▶ _Task details_
Please repeat the entire listing verbatim and keep the pictures out.

▶ _Source material_
------------------------------------------------

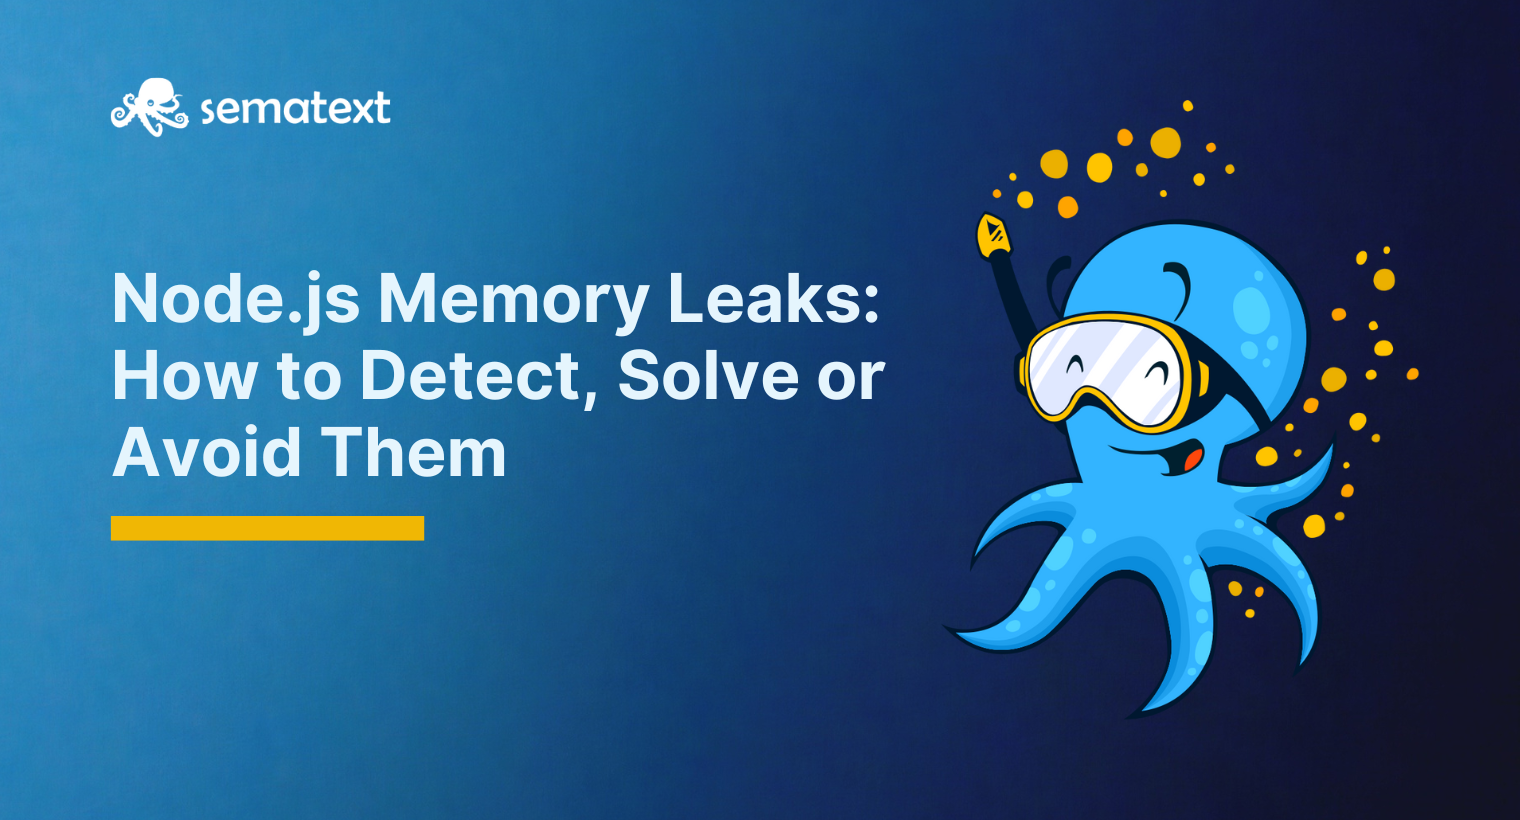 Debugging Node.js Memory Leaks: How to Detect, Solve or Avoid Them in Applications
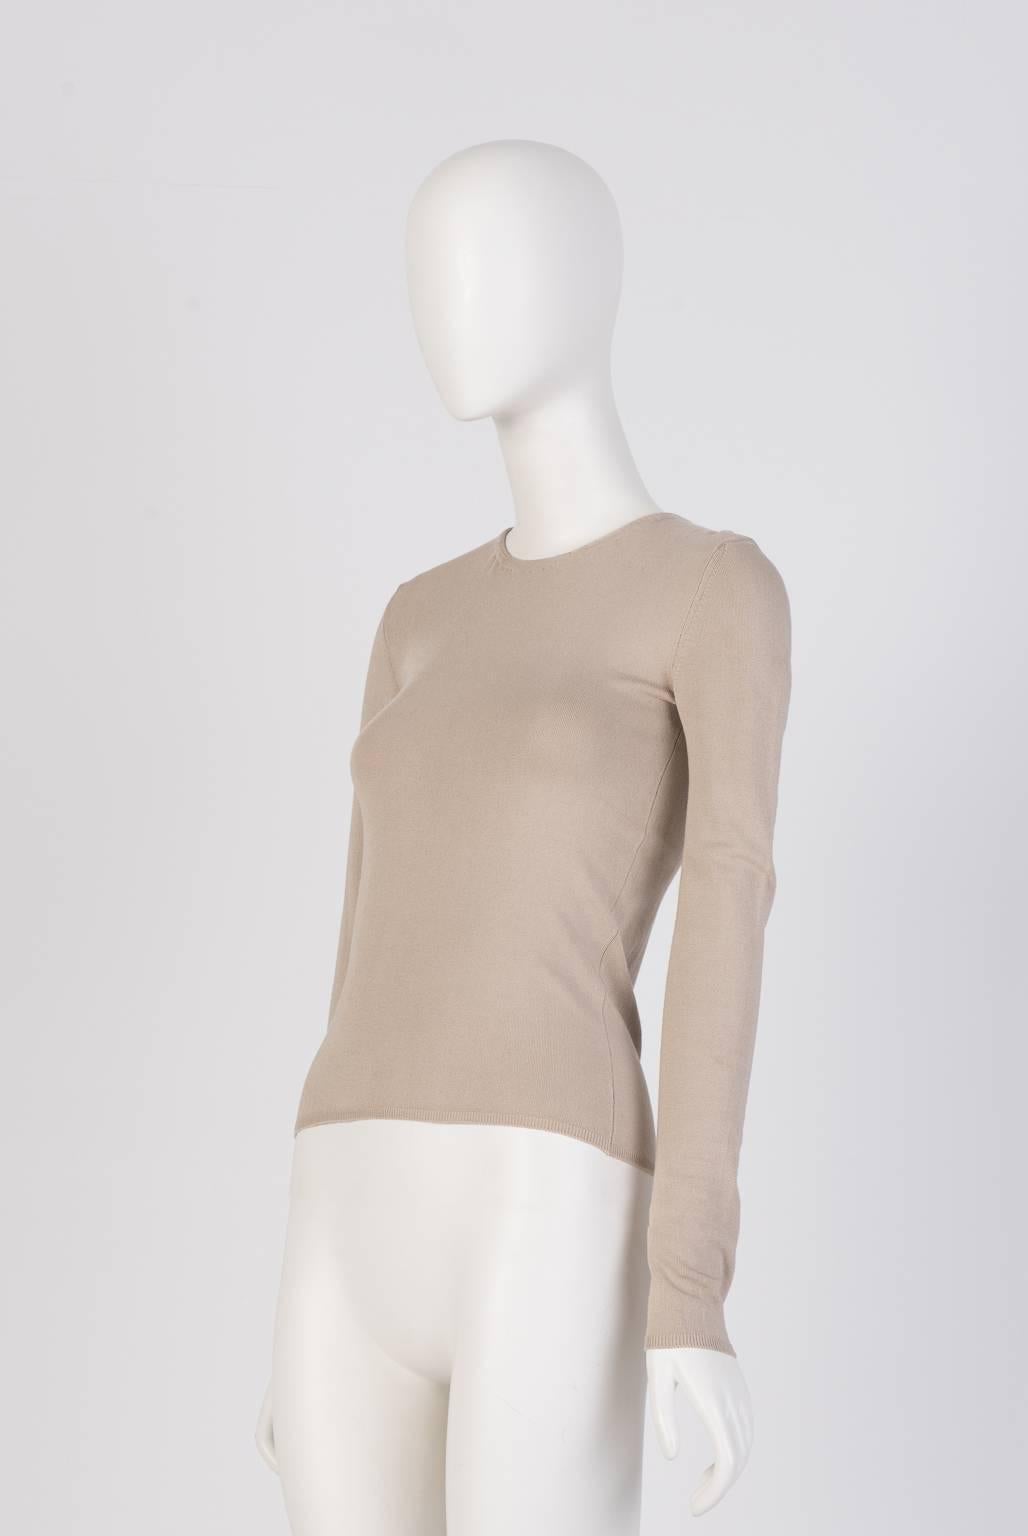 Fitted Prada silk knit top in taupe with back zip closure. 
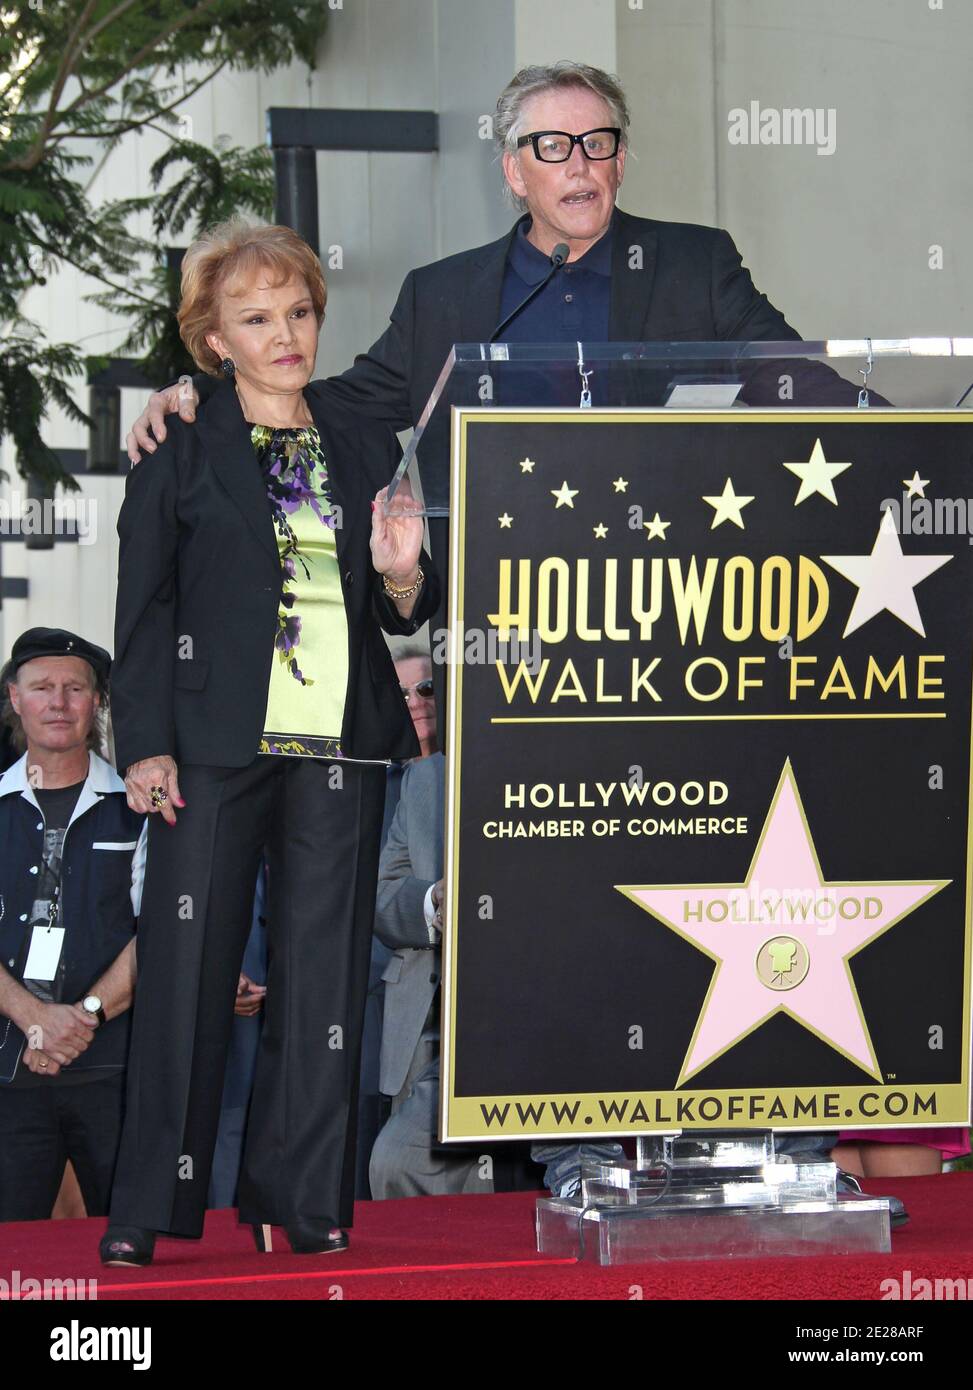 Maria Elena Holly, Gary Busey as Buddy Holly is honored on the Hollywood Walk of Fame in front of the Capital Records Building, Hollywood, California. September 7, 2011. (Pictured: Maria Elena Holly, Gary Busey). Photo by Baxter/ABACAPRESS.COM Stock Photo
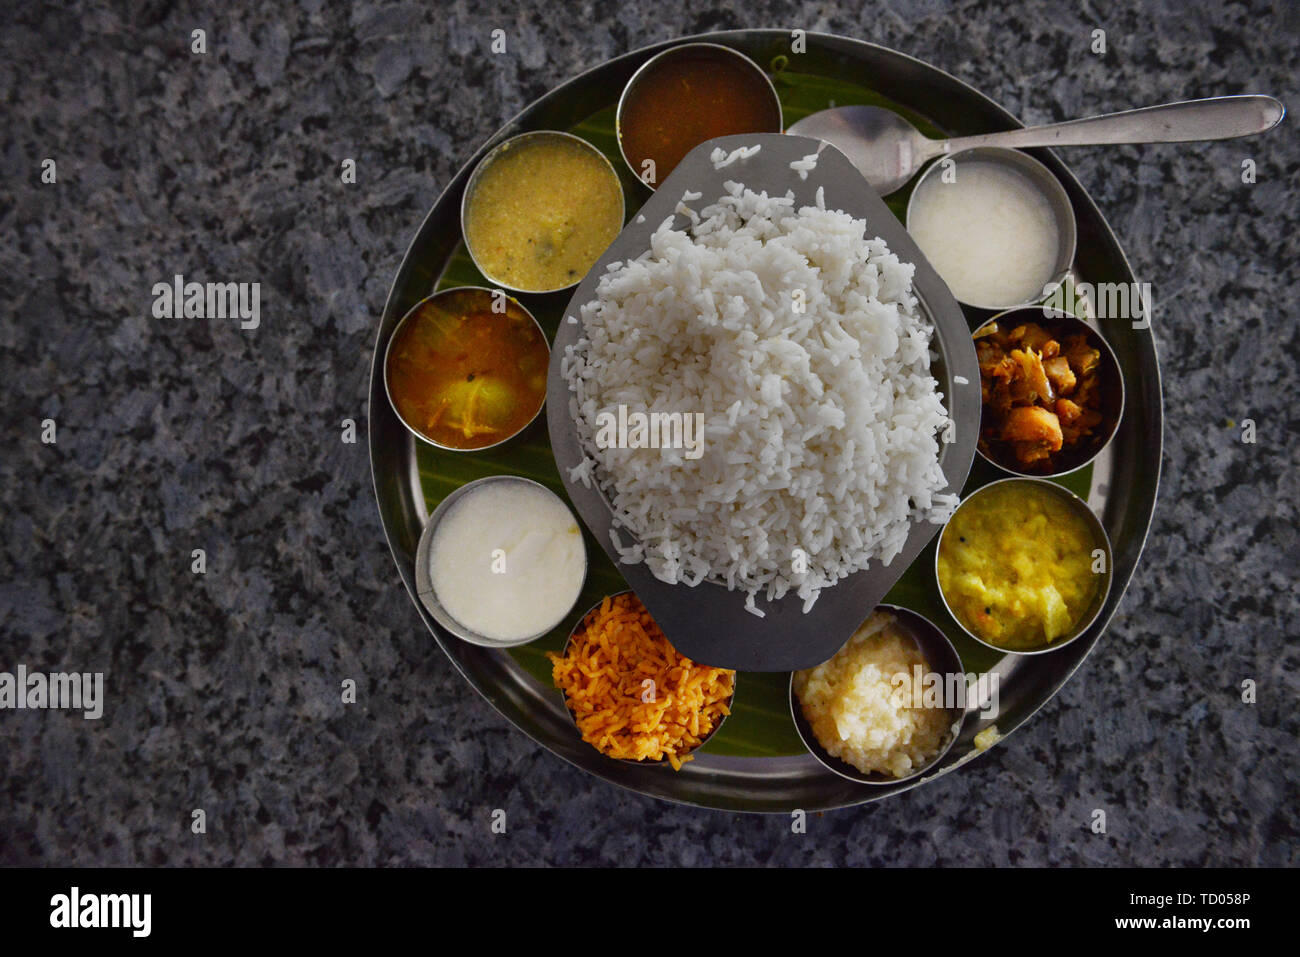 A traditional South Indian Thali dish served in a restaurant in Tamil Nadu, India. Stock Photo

------------------------------------------------

▶ _Answer box_
 Debugging Node.js Memory Leaks: How to Detect, Solve or Avoid Them in Applications
 Fitted Prada silk knit top in taupe with back zip closure. 
 Maria Elena Holly, Gary Busey as Buddy Holly is honored on the Hollywood Walk of Fame in front of the Capital Records Building, Hollywood, California. September 7, 2011. (Pictured: Maria Elena Holly, Gary Busey). Photo by Baxter/ABACAPRESS.COM Stock Photo
 A traditional South Indian Thali dish served in a restaurant in Tamil Nadu, India. Stock Photo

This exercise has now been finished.